There are numerous actuation mechanisms that can be used with active valves including electrostatic, piezoelectric, electromagnetic, electro-osmotic, electrolysis, magneto-hydrodynamic, thermodynamic, continuous electro-wetting, shape memory material, and phase-change material [23,24,25]. For low power consumption in a programmable micropump, it is important to use normally closed valves to restrict flow without expending energy. Normally closed active valves can be achieved with shape memory alloys, however these generally require relatively high temperatures to deform (e.g., 75 °C [26]) that may be incompatible with the biological system or degrade the drug being pumped. An alternative is phase-change materials that expand when they solidify, and shrink during melting. Gallium is a suitable material for this application as it has a melting point sufficiently low to prevent damage to the biological system, and it undergoes orthorhombic crystallization as it cools causing the material to expand as the crystals are formed. In this paper we describe a gallium actuator in a fully integrated micropump with the underlying chamber-based peristaltic pump providing the active valves required for zero-power blocked flow. The pump was created with a hybrid Micro Electro Mechanical System (MEMS) approach including the integration of biocompatible membranes and channels [27] with the Ga actuator using additive manufacturing, direct write techniques. The performance of the fully integrated pump was characterized including chamber volumes, pump rates, and pump efficiency.

2. Design

The foundation of the peristaltic pump is a silicon-based MEMS device, which includes fluidic channels, in-plane interconnects, pump chambers, and an etched aluminum film creating heaters and contact pads as illustrated in Figure 2. Four phase-change actuators were used in this pump to directionally motivate the fluid peristaltically by transferring momentum to the underlying Tetraethyl Orthosilicate (TEOS)/Parylene-C diaphragms. Parylene-C was chosen as it is a non-reacting, non-water-adsorbing, biocompatible material that can be deposited in a pseudo-conformal process [28].

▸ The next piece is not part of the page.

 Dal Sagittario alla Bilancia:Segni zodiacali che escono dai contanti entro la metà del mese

Parylene-C has been shown to be biocompatible with in vitro studies including live/dead staining and cell viability [29], and in vivo tests for inflammation [30] and tissue morphologic changes [31,32]. Material structural stability when implanted has been confirmed with long-term in vivo studies [33]. The demonstrated biocompatibility, biostability, and the ability to encapsulate implant devices [34] make Parylene-C an ideal coating for implantation. The presented device used Parylene in four ways, first to form the pump chamber diaphragms, second to provide a biocompatible flow path, third to capture small diameter tubing for fluid delivery, and fourth to encapsulate the entire device in a stable, biocompatible coating.

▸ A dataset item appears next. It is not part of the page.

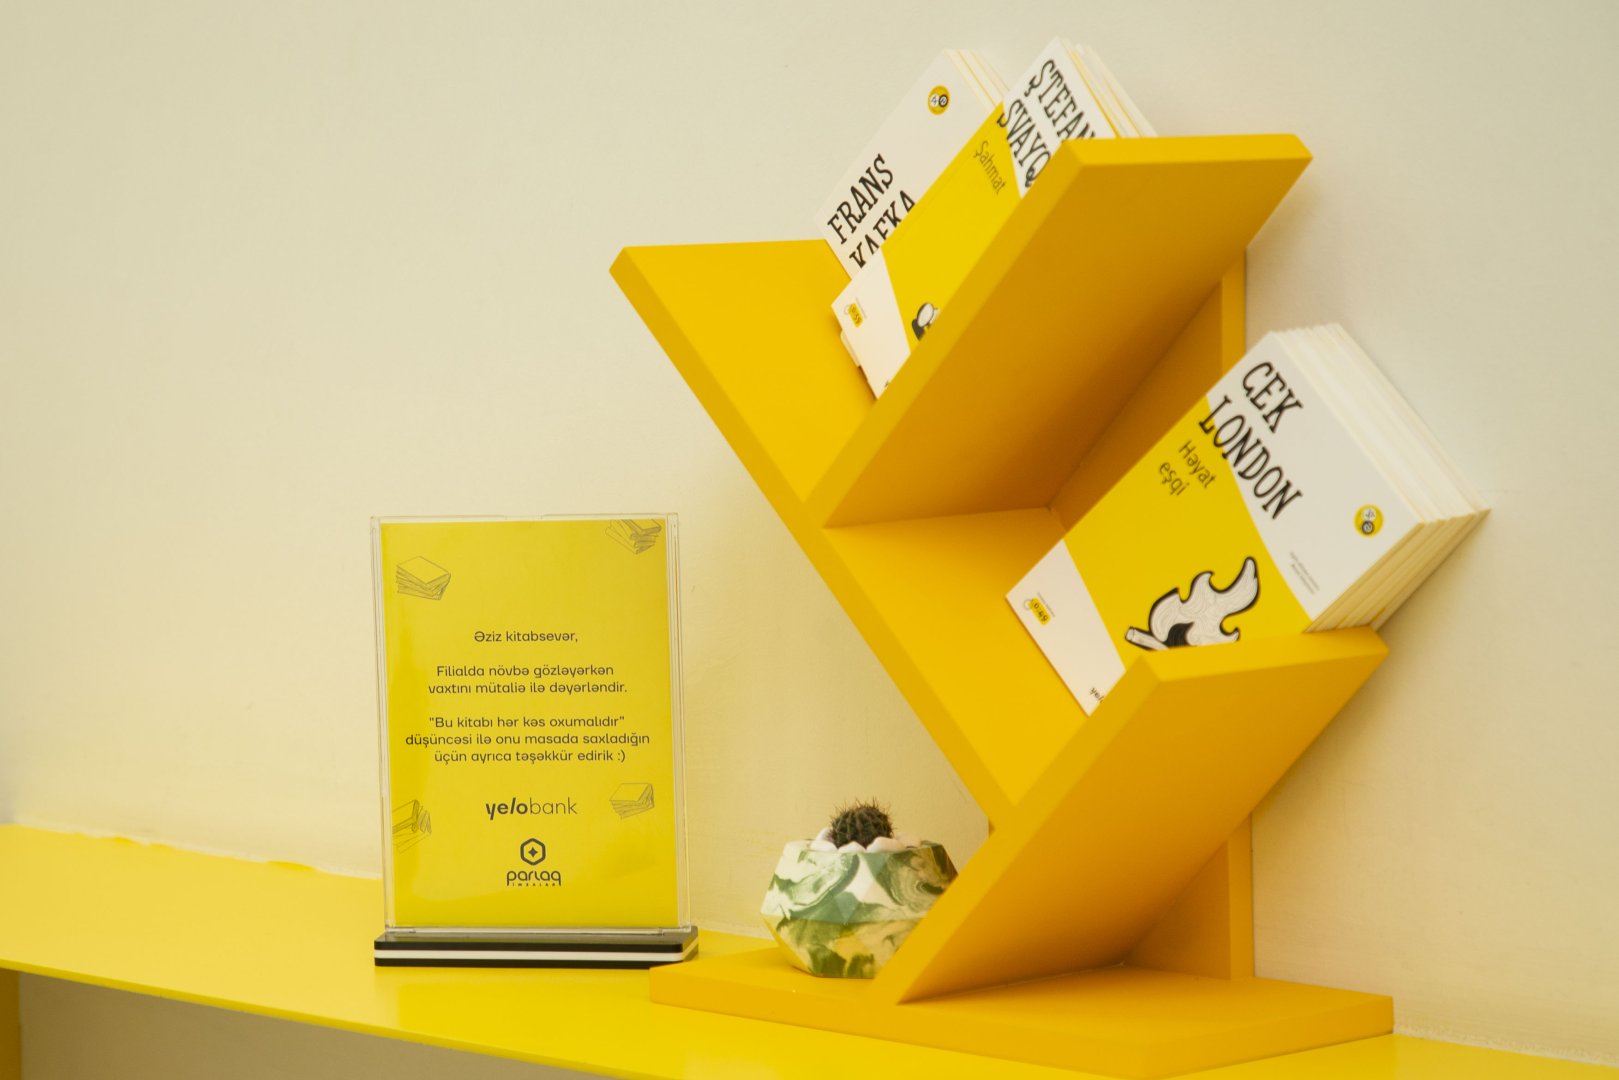 Yelo Bank запустил новый проект с издательством «Парлаг Имзалар» (ФОТО)

Aluminum resisters were used to transfer actuation energy in the form of heat to the gallium, which resides in plena formed via a direct-write method over the pump chambers. The rigid plena provide a constant volume above each diaphragm, such that expansion and contraction of the gallium results in actuation of the diaphragm. As the gallium is heated to its melting point, it loses its orthorhombic crystal structure and collapses, resulting in a reduction in volume and upward movement of the flexible diaphragm pulling fluid into the underlying pump chamber. As the gallium cools and freezes, expansion forces the diaphragm down, pushing fluid out of the chamber and effectively closing the flow path. The actuation mechanism and pump structure are illustrated in Figure 3.

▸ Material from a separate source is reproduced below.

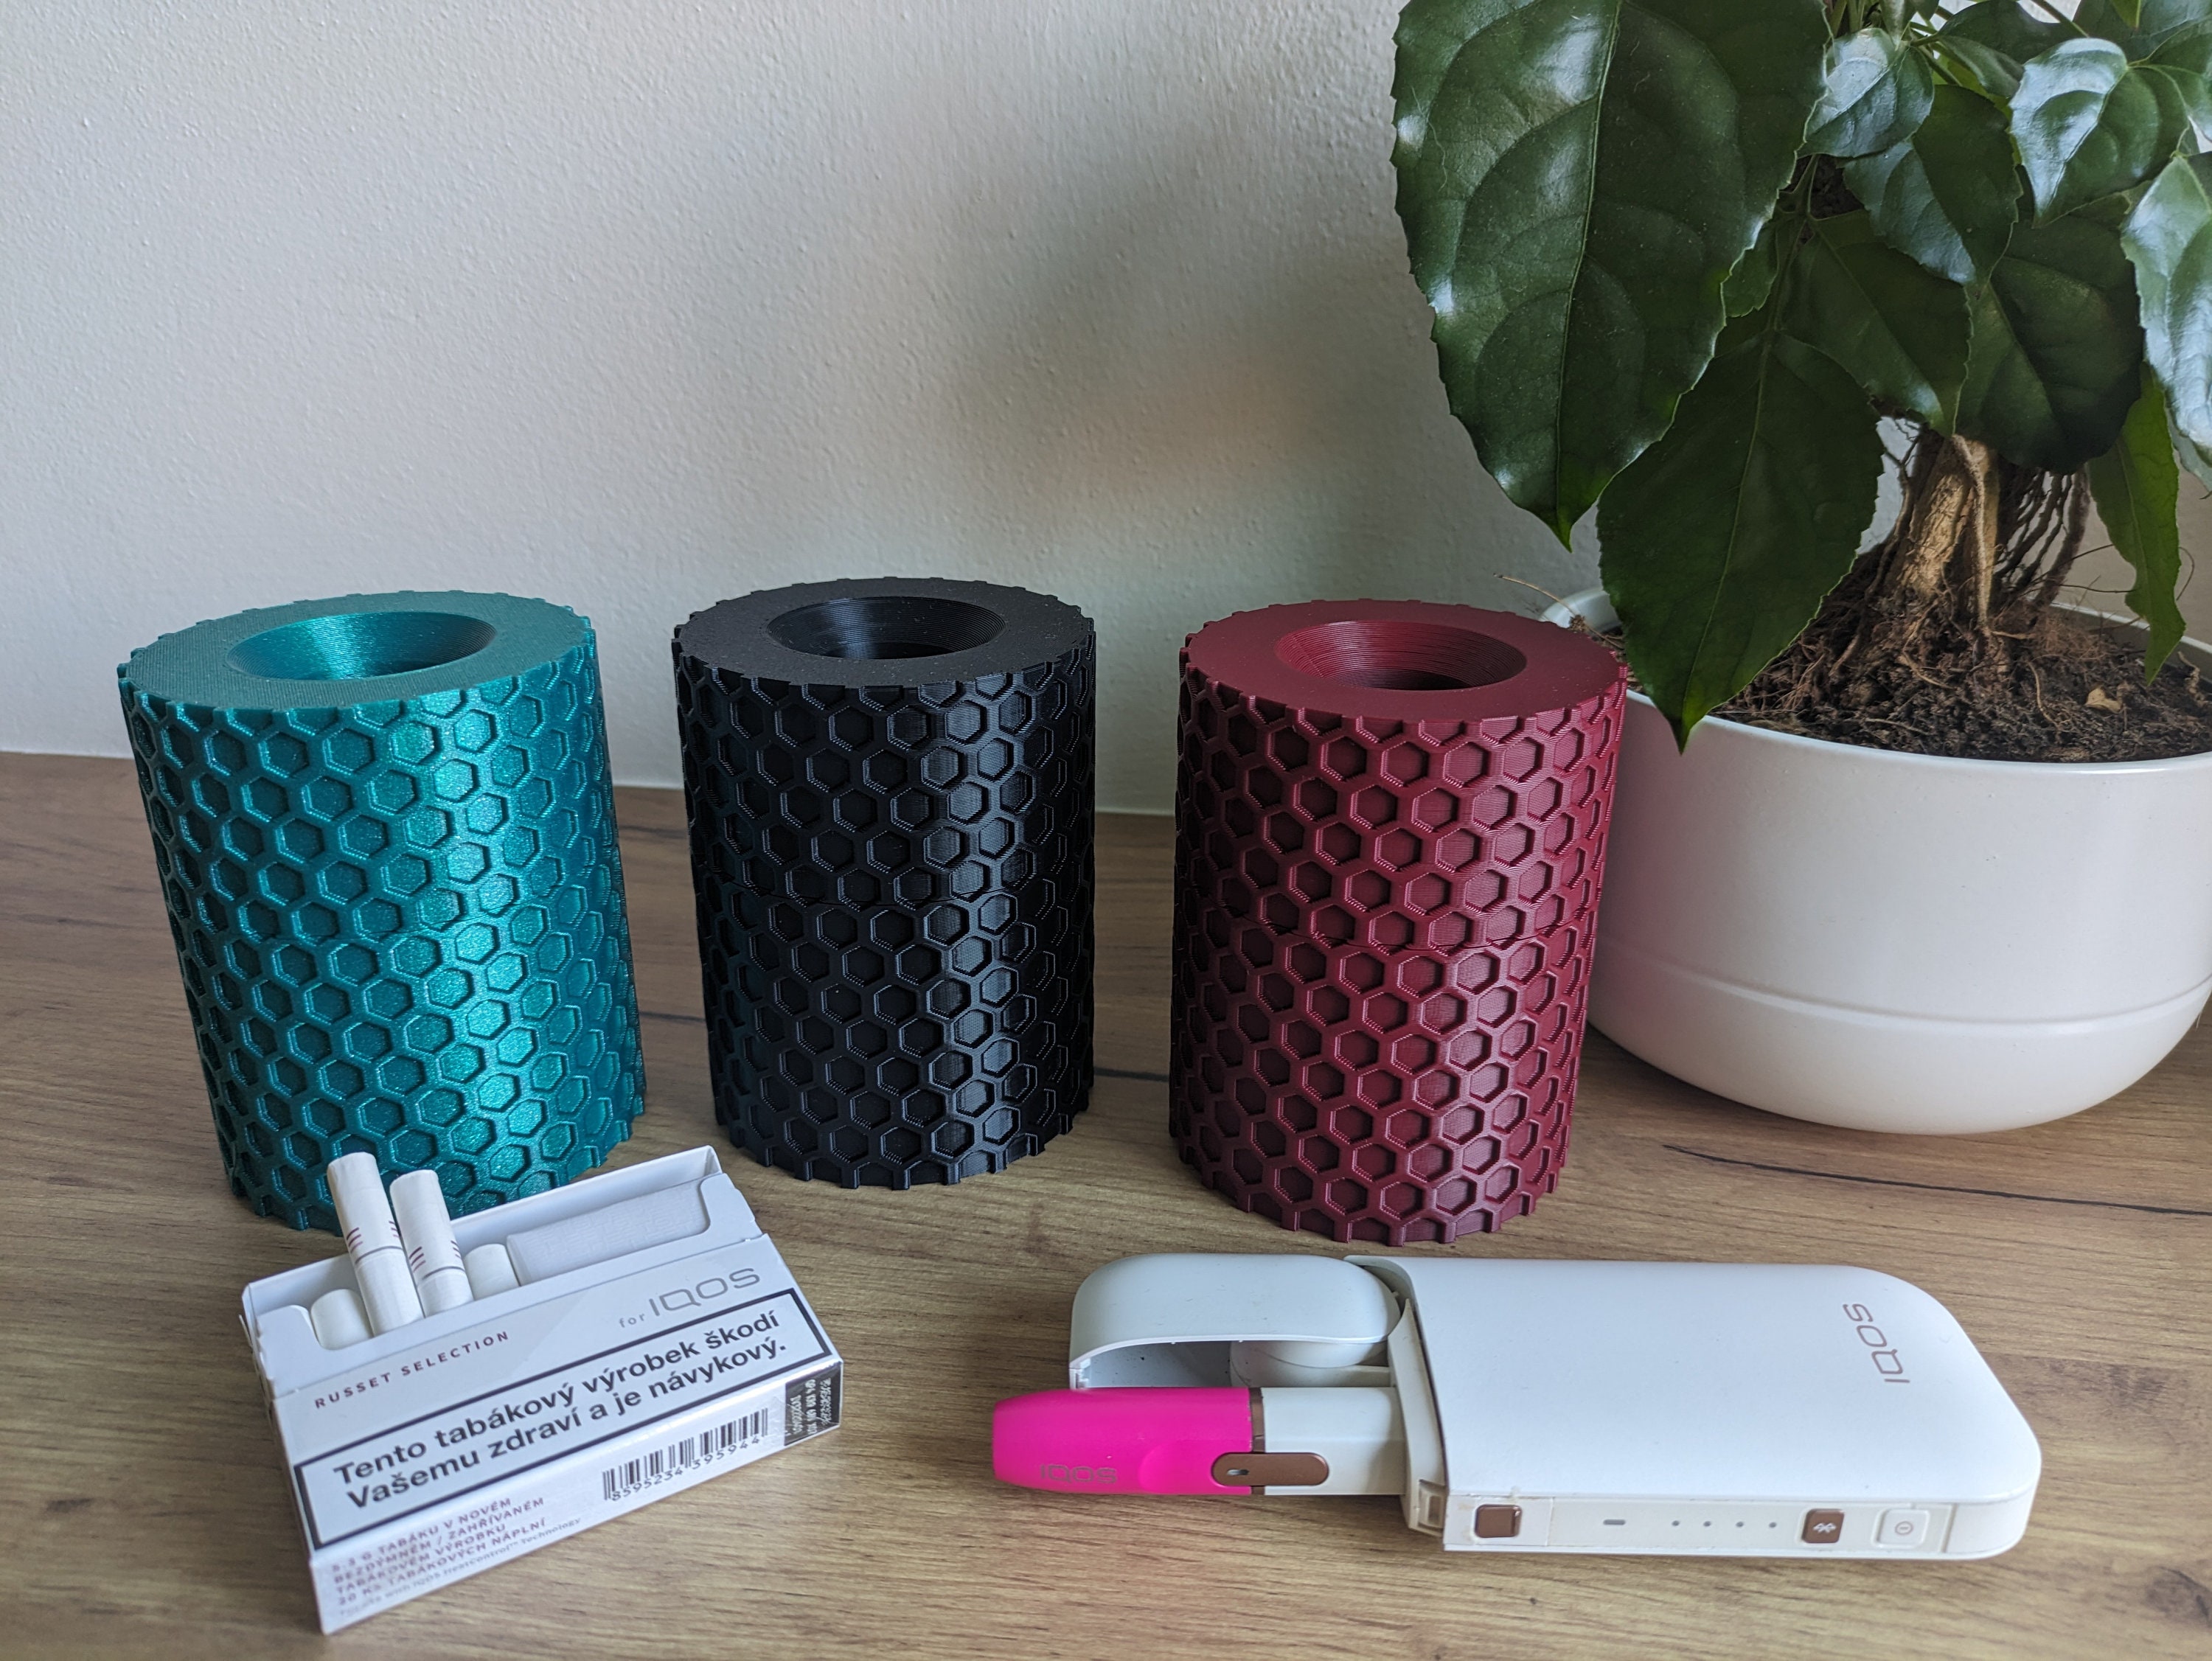 4 Farben] e-smoQ Aschenbecher für HEETS IQOS 3 Duo Starterset, Iluma Terea,  Tray für Tabak Sticks, Zubehör für Auto mit Deckel geruchsdicht  (schwarz/grau) : : Küche, Haushalt & Wohnen

The compression ratio of the pump chambers needs to be great enough to overcome back pressure from the downstream system (e.g., biological system). For flow rates appropriate for implantable systems in small rodent models, peristaltic pump chambers need to be tens of microns deep and hundreds of microns in diameter to provide sufficient compression ratio (diaphragm displacement volume to total chamber volume) to deliver fluid against back pressure [23]. With the current fabrication process, chambers of up to 1000 µm can easily be fabricated. Channels, the same depth as the chambers, can easily be fabricated as narrow as 10 µm and as wide as the pump chambers. For the current work, channels 100 µm wide have been used providing a channel cross-sectional area of 1500 μm2 and completely laminar flow for flow rates up to 60 μL/min. Chamber and membrane designs ranged from 500 to 800 µm diameter, 15 µm deep with 3 to 4.5 µm of deposited Parylene C (PCPX) deposited over 1 μm of TEOS.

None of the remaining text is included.